- Directed by: Kaz Rahman
- Written by: Kaz Rahman
- Produced by: Kaz Rahman
- Starring: M.A. Siddiq Sathya Bhama H.K.S. Babu
- Cinematography: Kaz Rahman
- Edited by: Kaz Rahman
- Music by: Hédi Hurban
- Production company: Charminar Films
- Release date: 27 April 2012;
- Running time: 106 minutes
- Countries: Canada India USA
- Languages: Urdu English

= Deccani Souls =

Deccani Souls is a 2012 art film written and directed by Kaz Rahman. It tells the story of three characters: Hamza, a traveller from an unknown land; Babu, a census collector and Siddiq, an Urdu poet struggling with writer's block as they wander through Hyderabad and are unknowingly connected by the history of Operation Polo.

==Production==
The film was shot in Hyderabad and Bidar in India and in Ontario, Canada.

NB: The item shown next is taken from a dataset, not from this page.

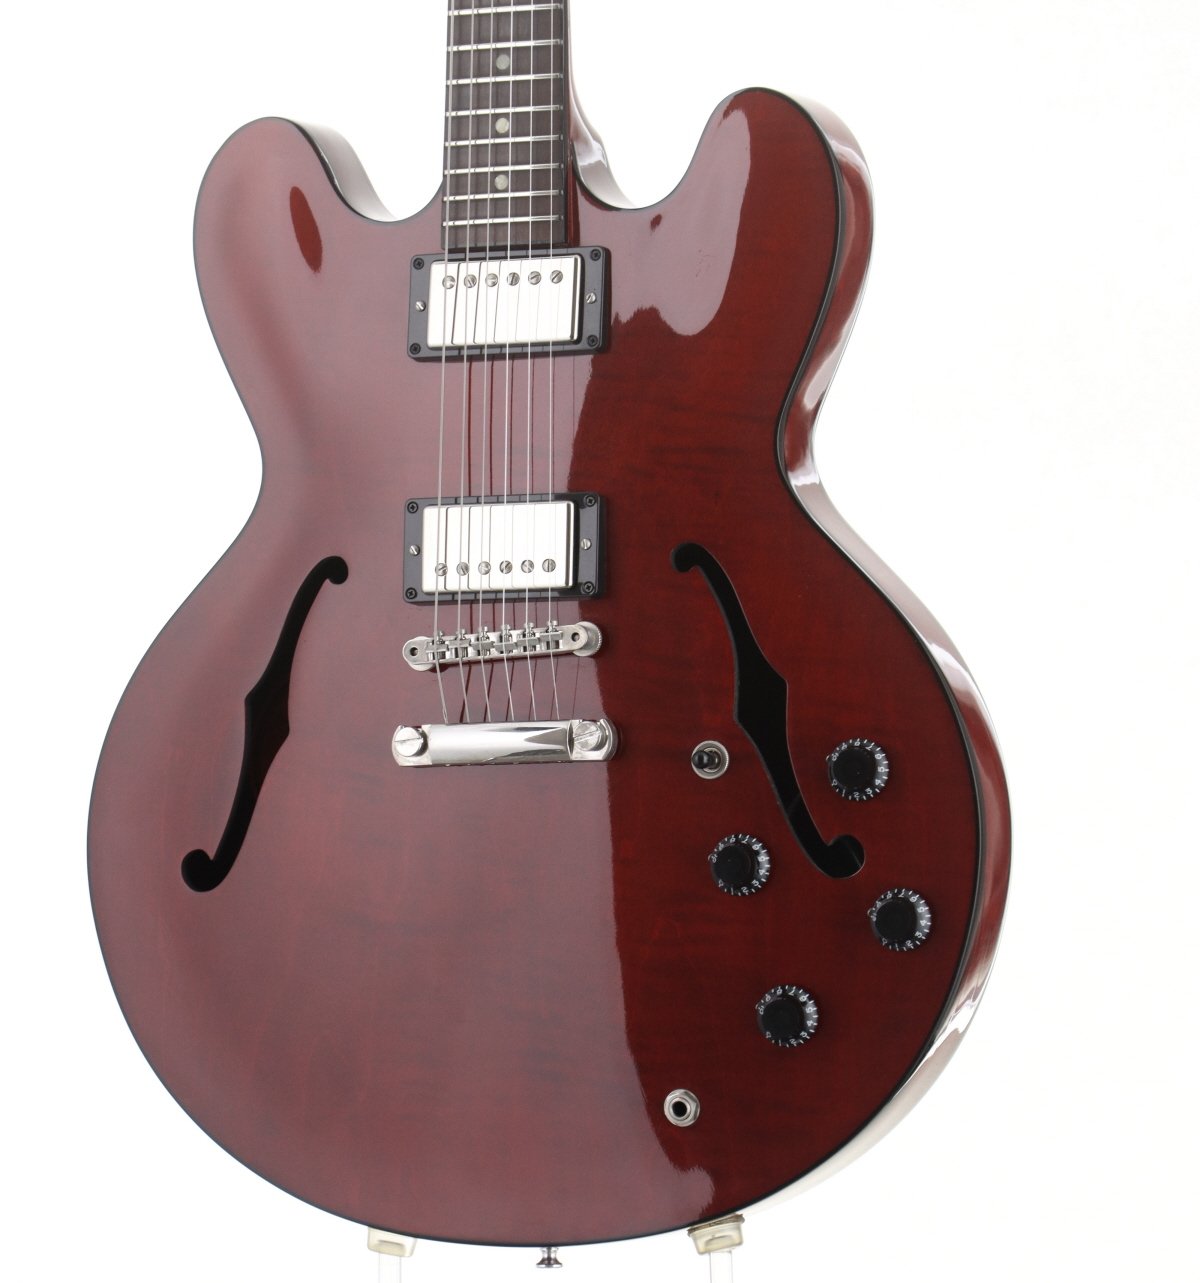 [SN 10486753] USED GIBSON MEMPHIS / ES-335 Studio Wine Red [3.75kg/2016] Gibson Semi-Aco ES335 Electric Guitar [08]
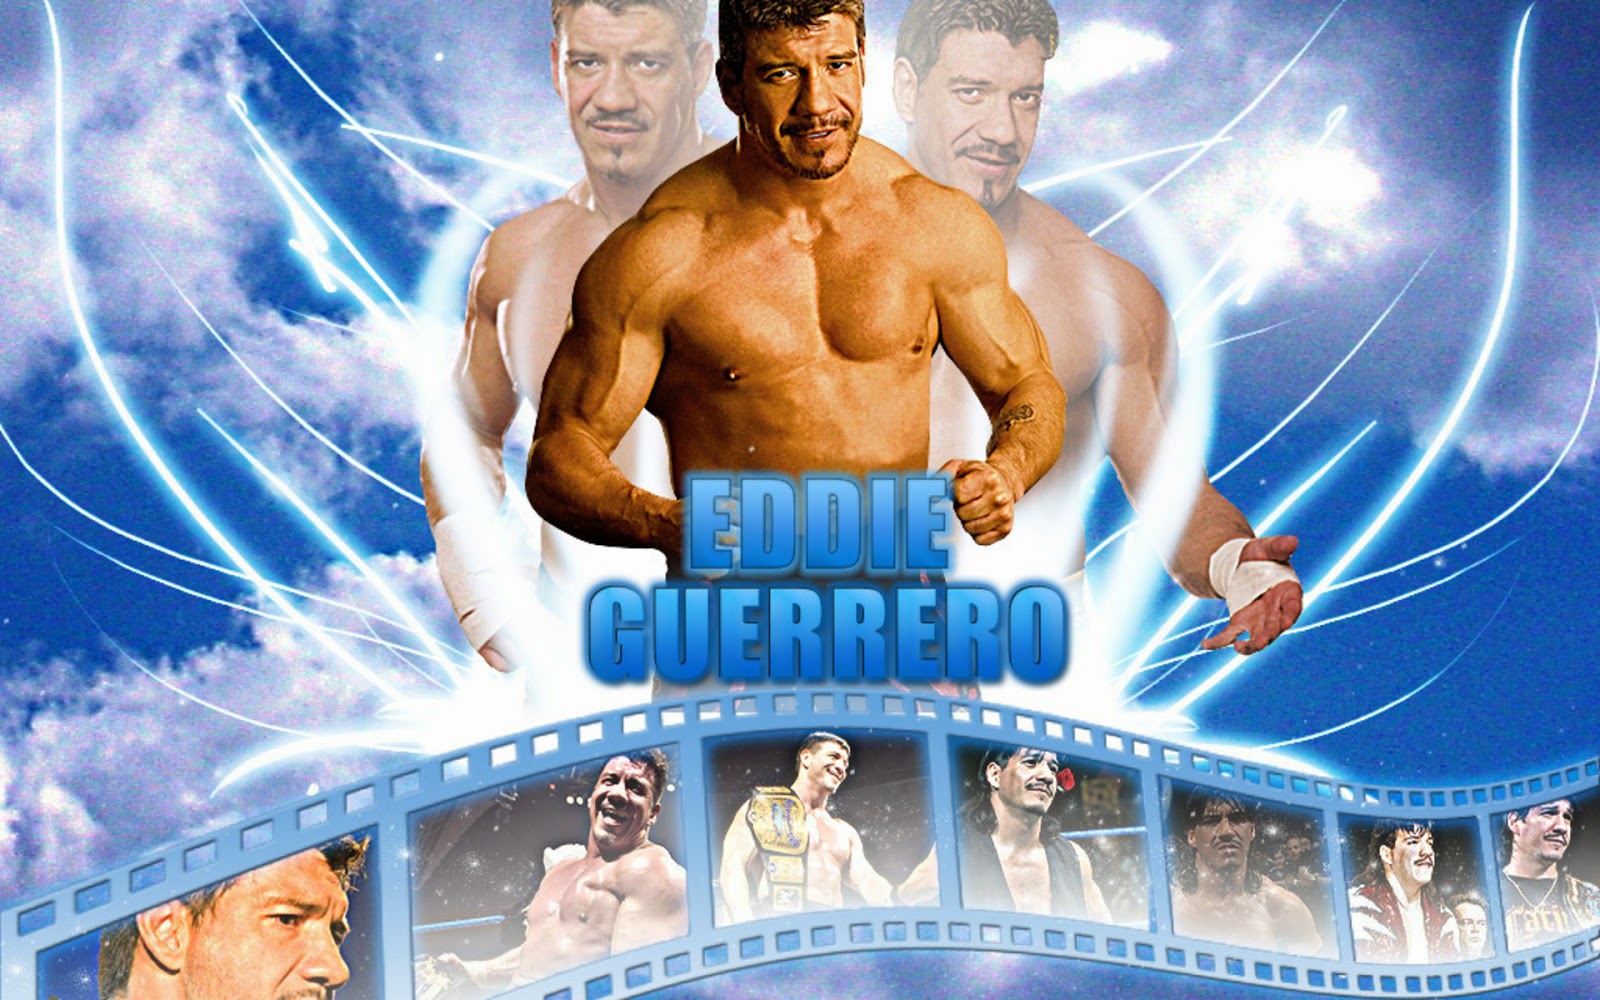 eddie guerrero wallpaper,professional wrestling,wrestler,barechested,poster,movie

The details of Operation Polo mentioned in the film are taken from the Sunderlal report.

==Screenings==
Deccani Souls was screened at The Hollywood Theater in Pittsburgh, USA. on 14 June 2012. It was screened at the Transmissions Film Festival in New Delhi, India and was later screened to public at Cochin, Thrissur, Kozhikode, Hyderabad and Mumbai.

The film was screened as part of the 31st Three Rivers Film Festival in Pittsburgh, USA in November 2012.